◆ Recorded data
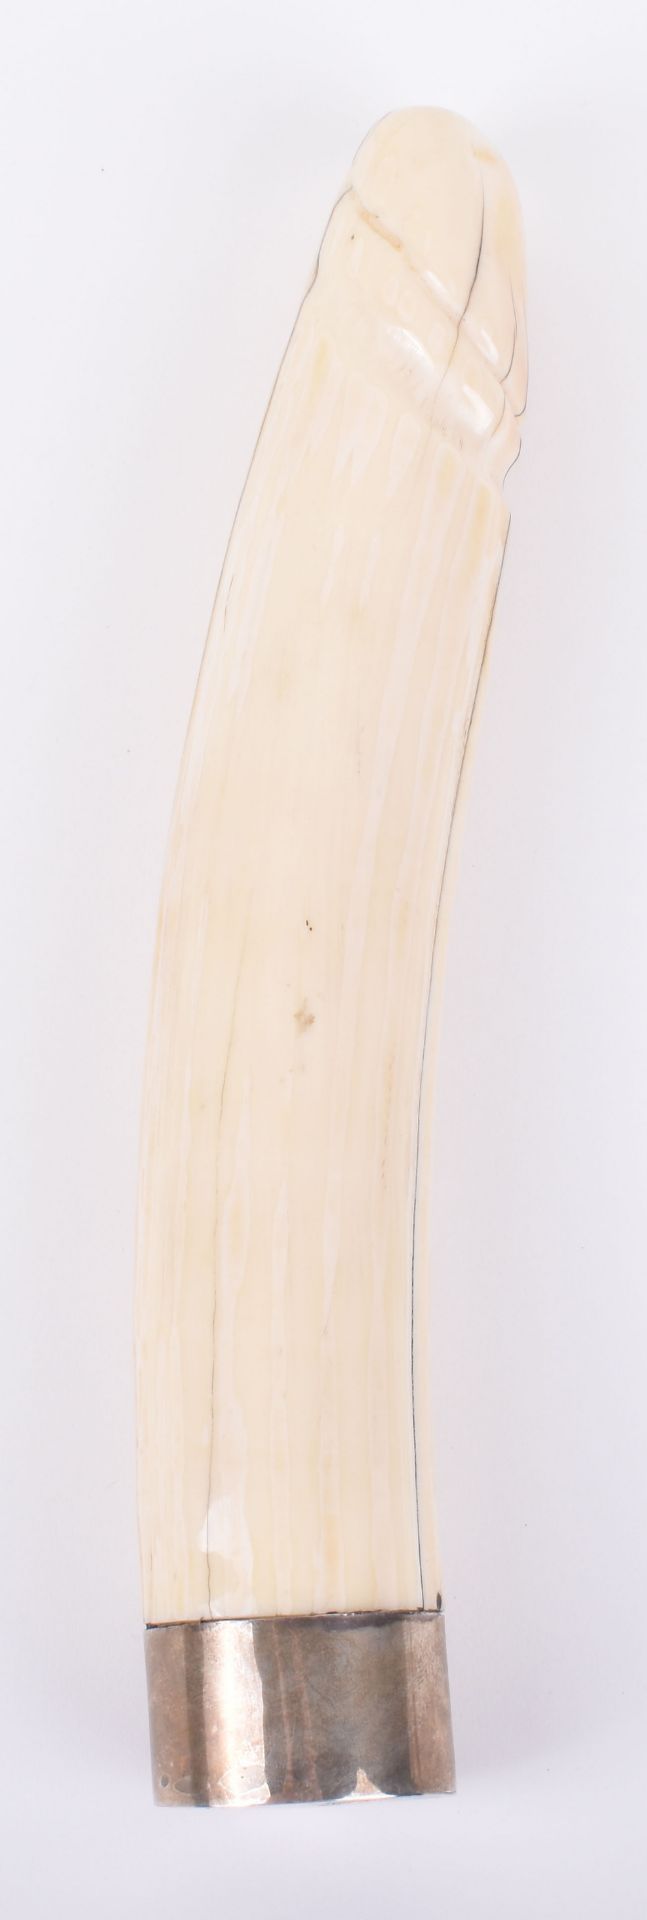 ^A 19th century carved ivory phallus erotica figure - Image 2 of 6
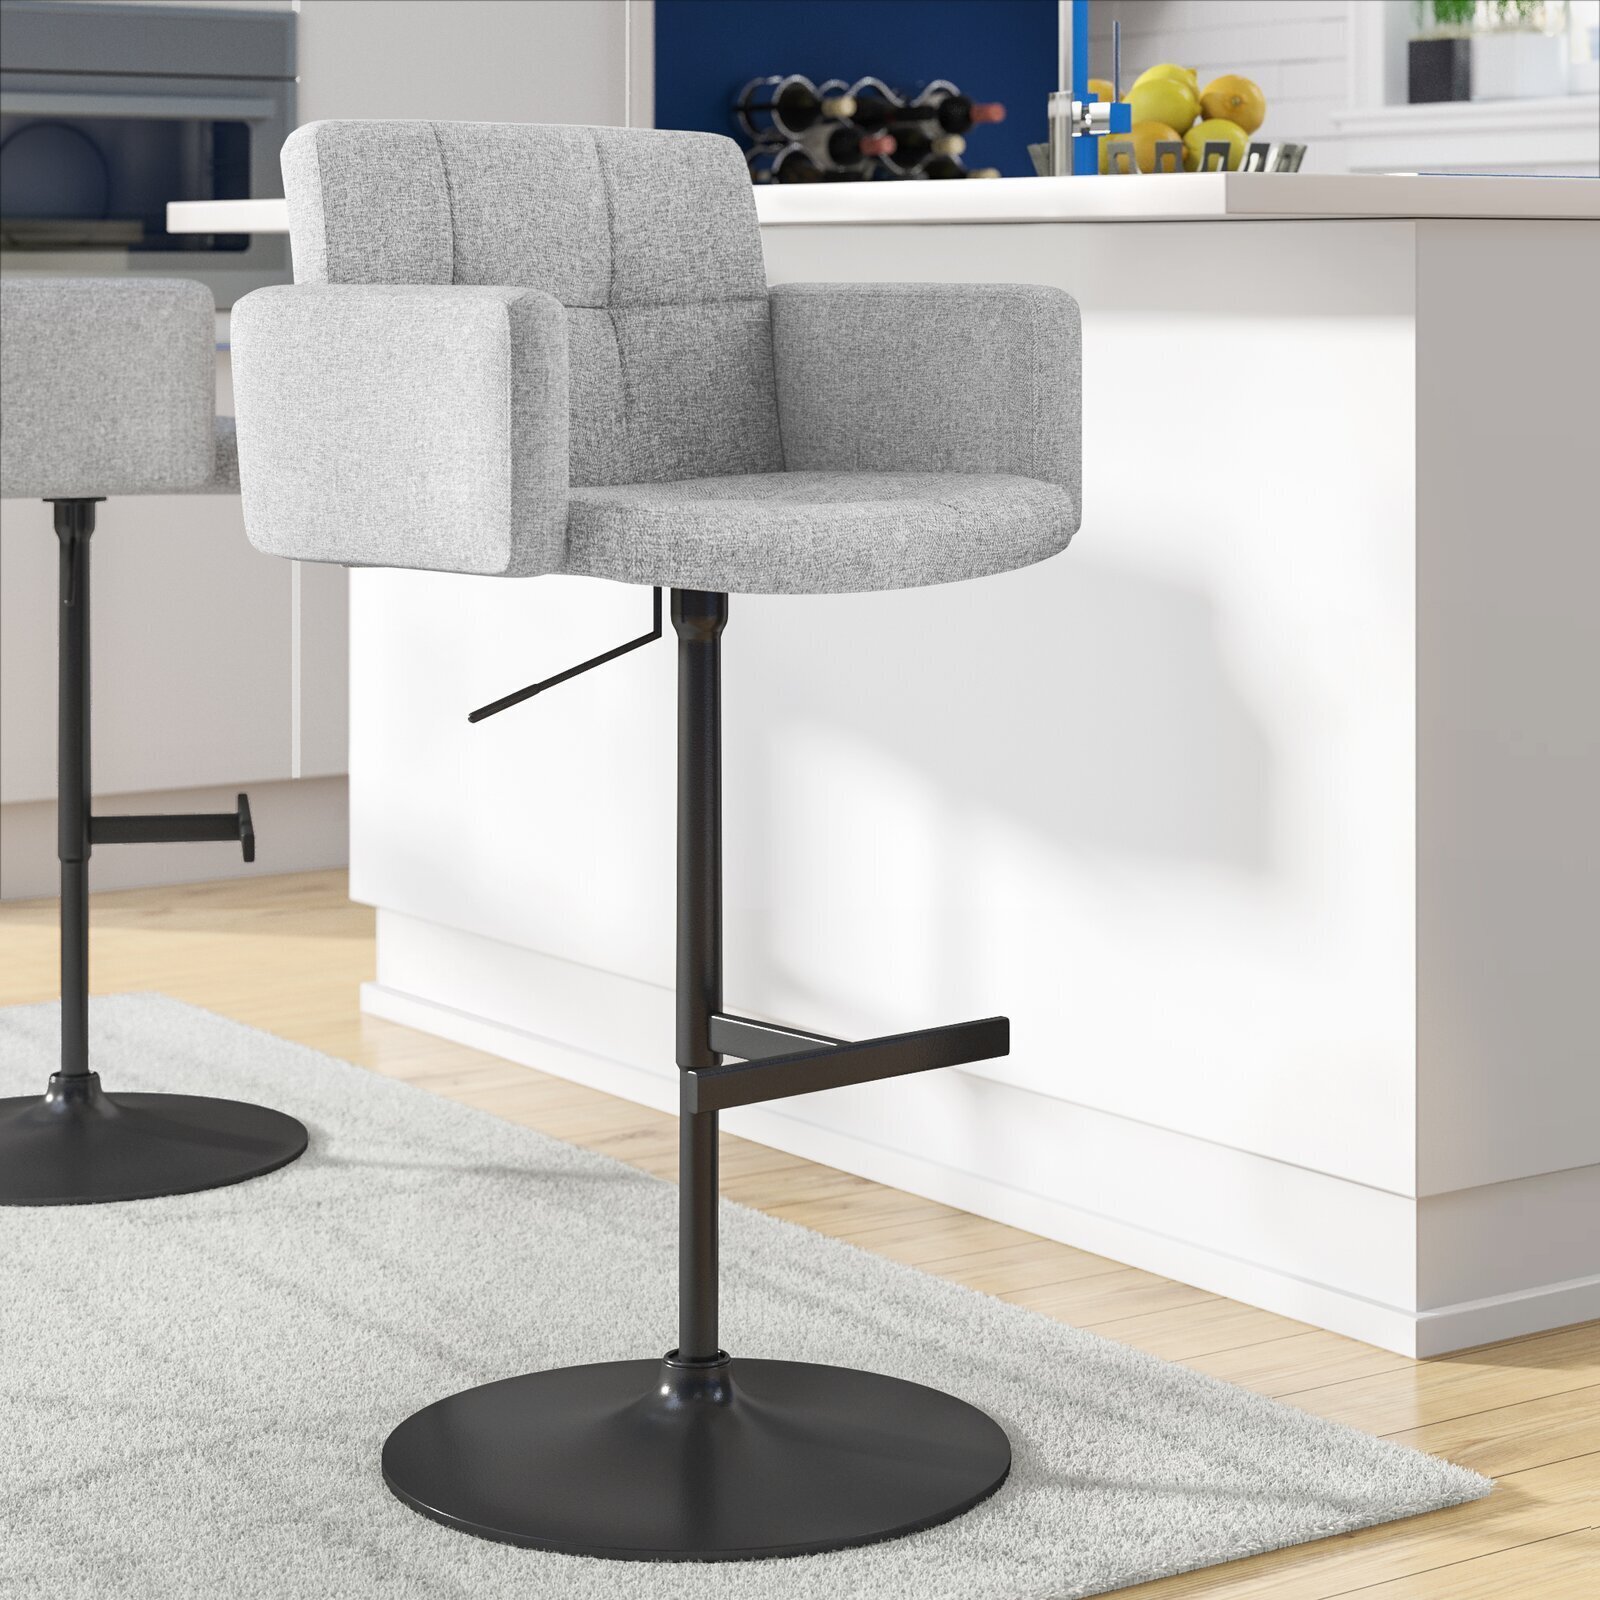 Fabric Upholstered Swivel Bar Stool with Adjustable Height
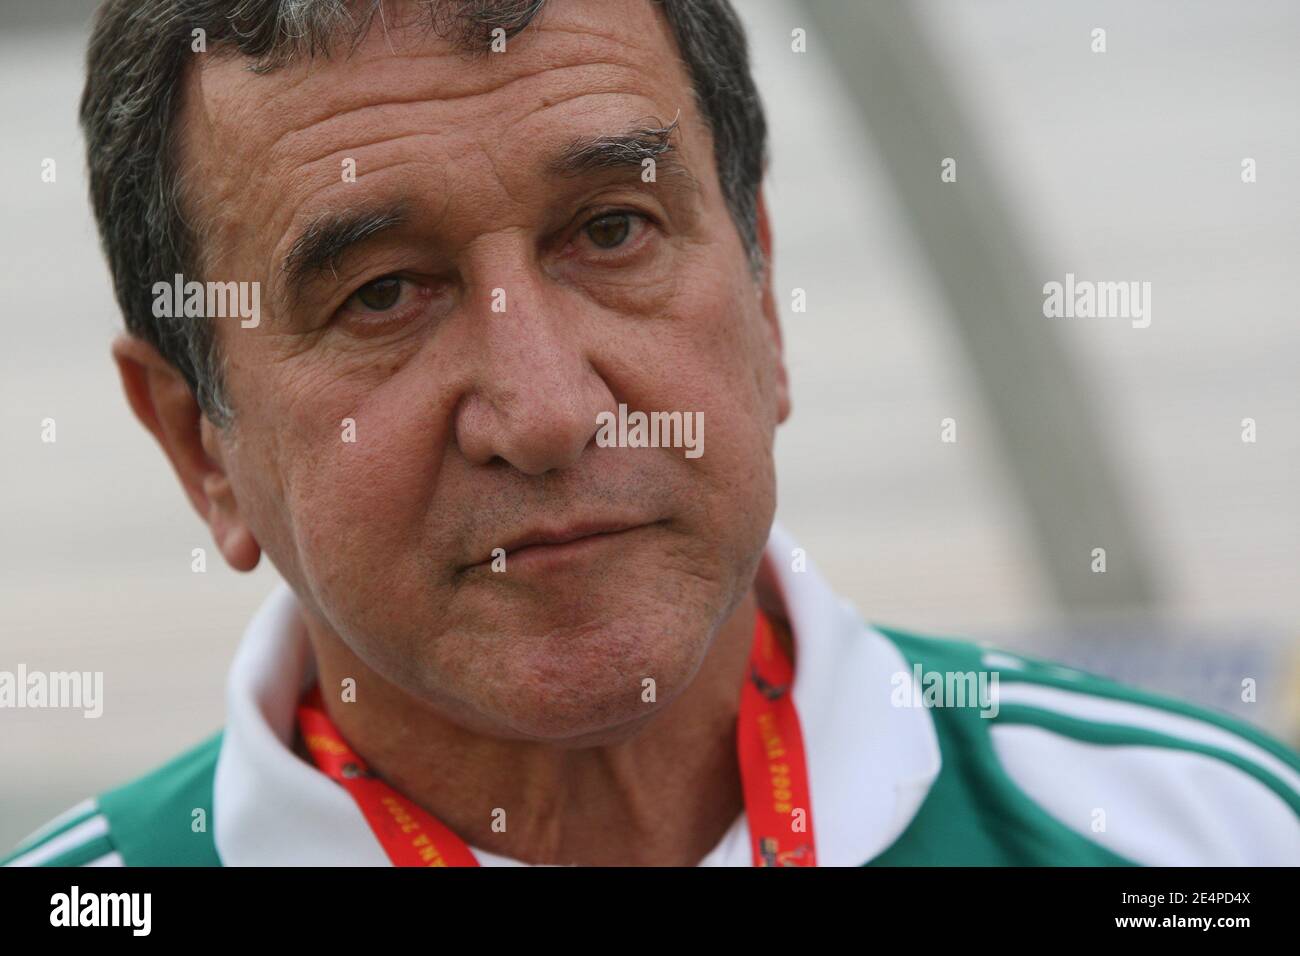 South Africa' s coach Parreira during the African Cup of Nations soccer match, Senegal vs South Africa in Kumasi, Ghana on January 31, 2008. The match ended in a 1-1 draw. Senegal failed to qualify for the next round of the competition. Photo by Steeve McMay/Cameleon/ABACAPRESS.COM Stock Photo
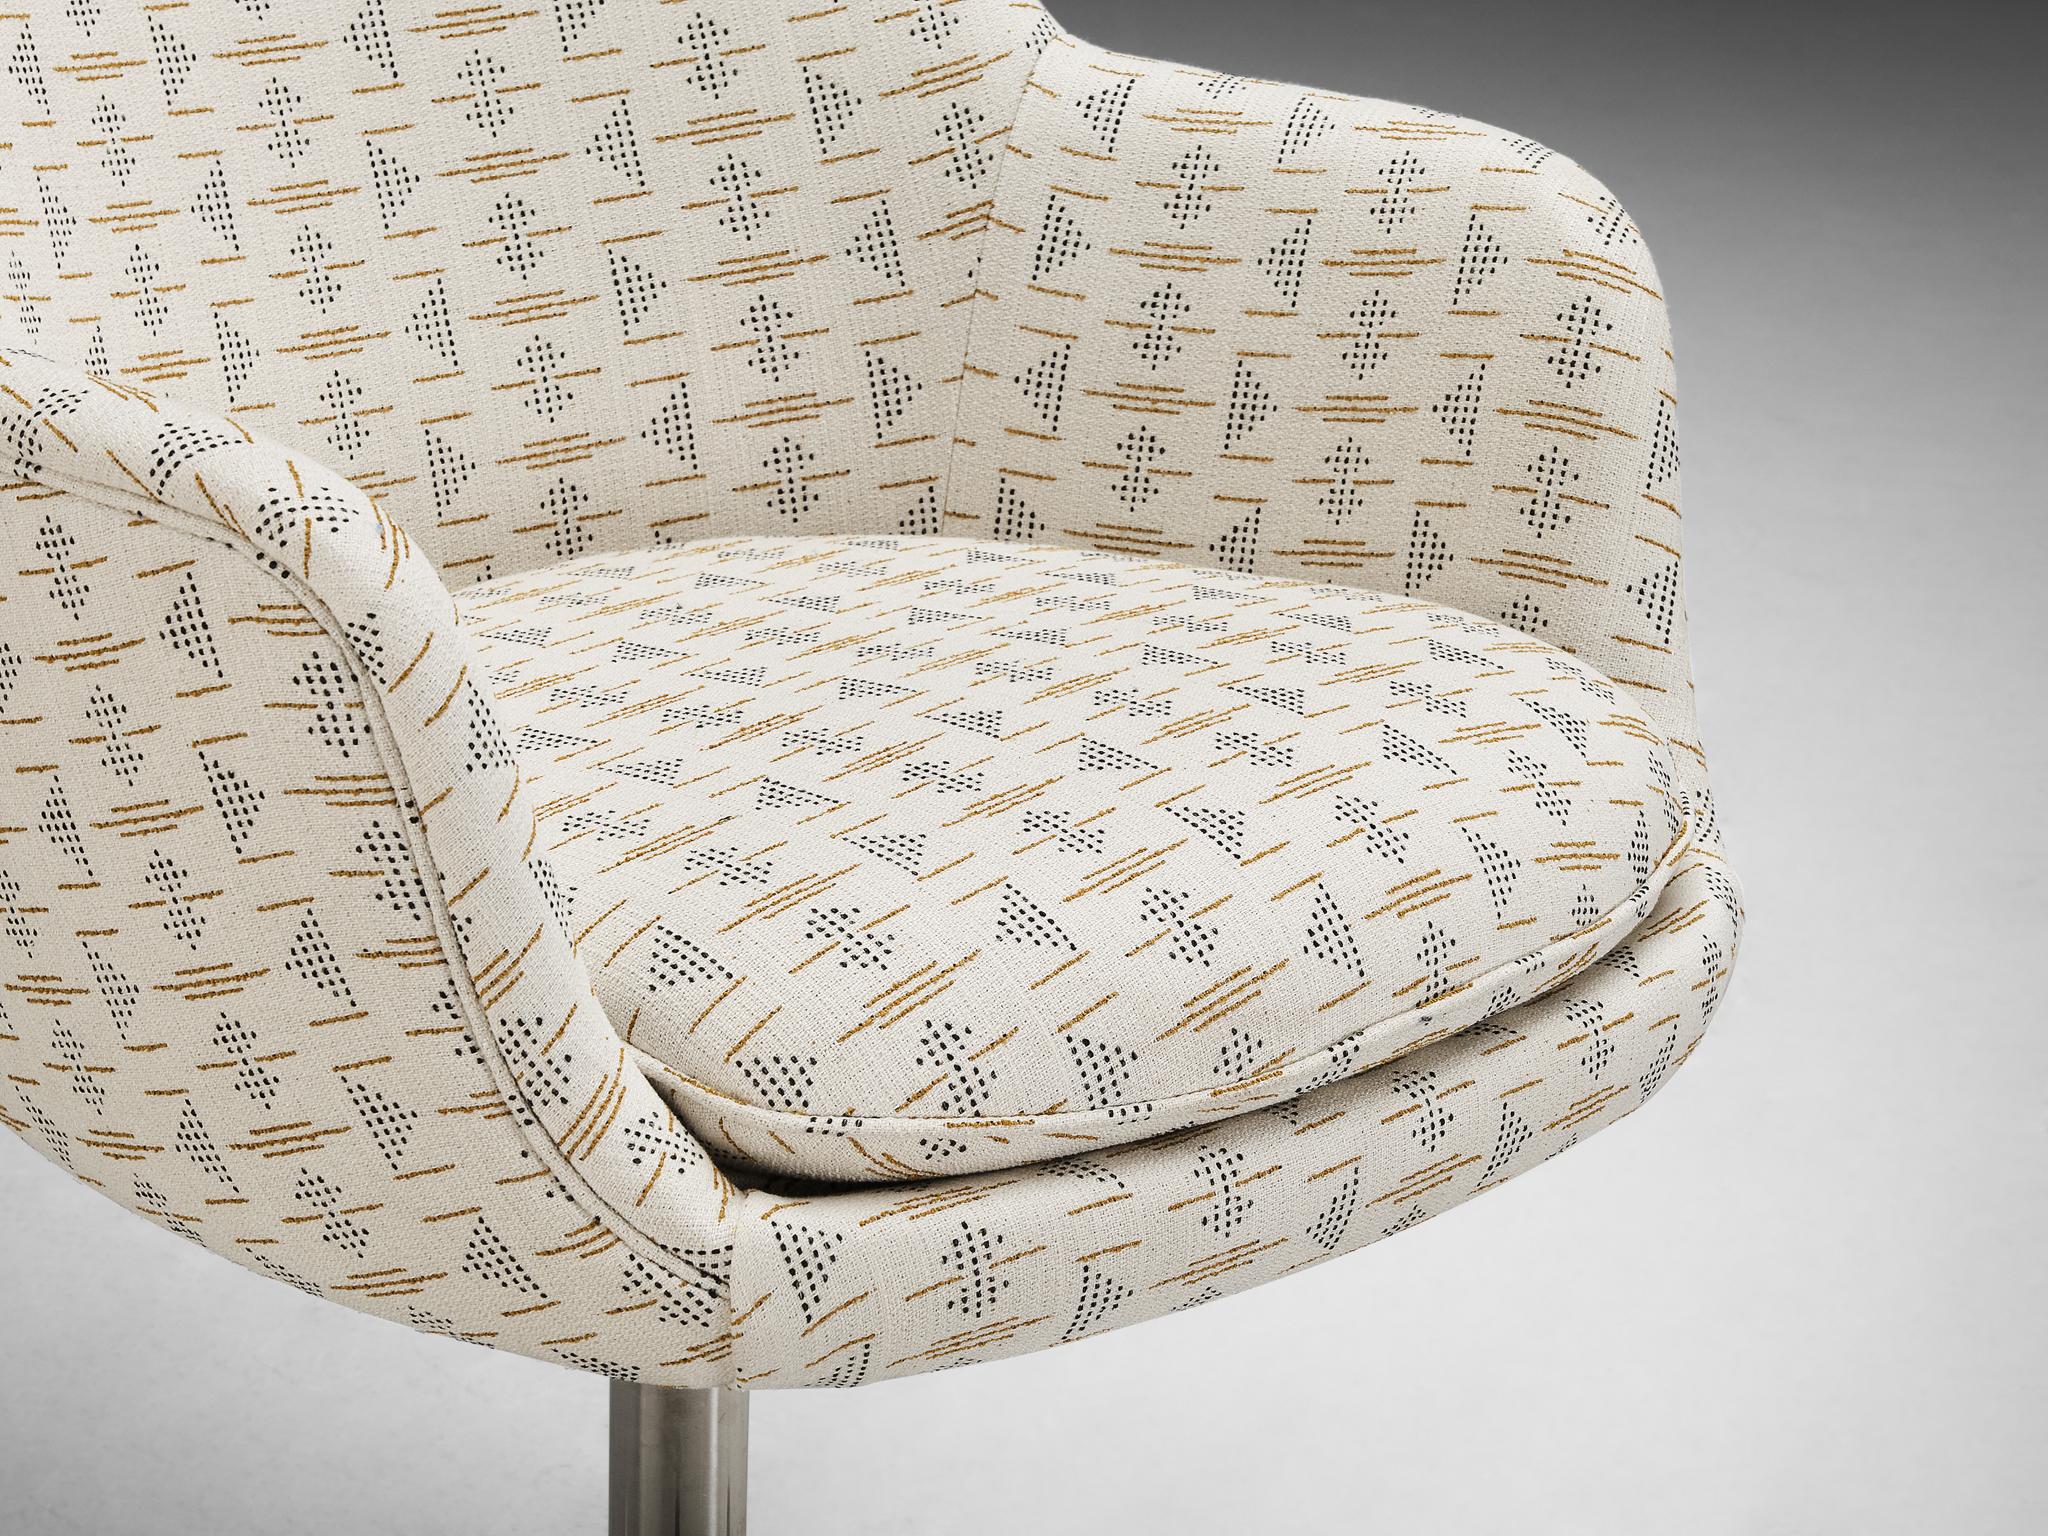 Chrome Nicos Zographos 'Bucket' Dining Chair in Patterned Upholstery

◆ What is expected
Extract the run of lines beginning with the line that holds "Fabric Upholstered Swivel" and ending at the last line of the data, inclusive. Exclude any pictures from the copy.

◆ Task response
 Fabric Upholstered Swivel Bar Stool with Adjustable Height
 South Africa' s coach Parreira during the African Cup of Nations soccer match, Senegal vs South Africa in Kumasi, Ghana on January 31, 2008. The match ended in a 1-1 draw. Senegal failed to qualify for the next round of the competition. Photo by Steeve McMay/Cameleon/ABACAPRESS.COM Stock Photo
 Chrome Nicos Zographos 'Bucket' Dining Chair in Patterned Upholstery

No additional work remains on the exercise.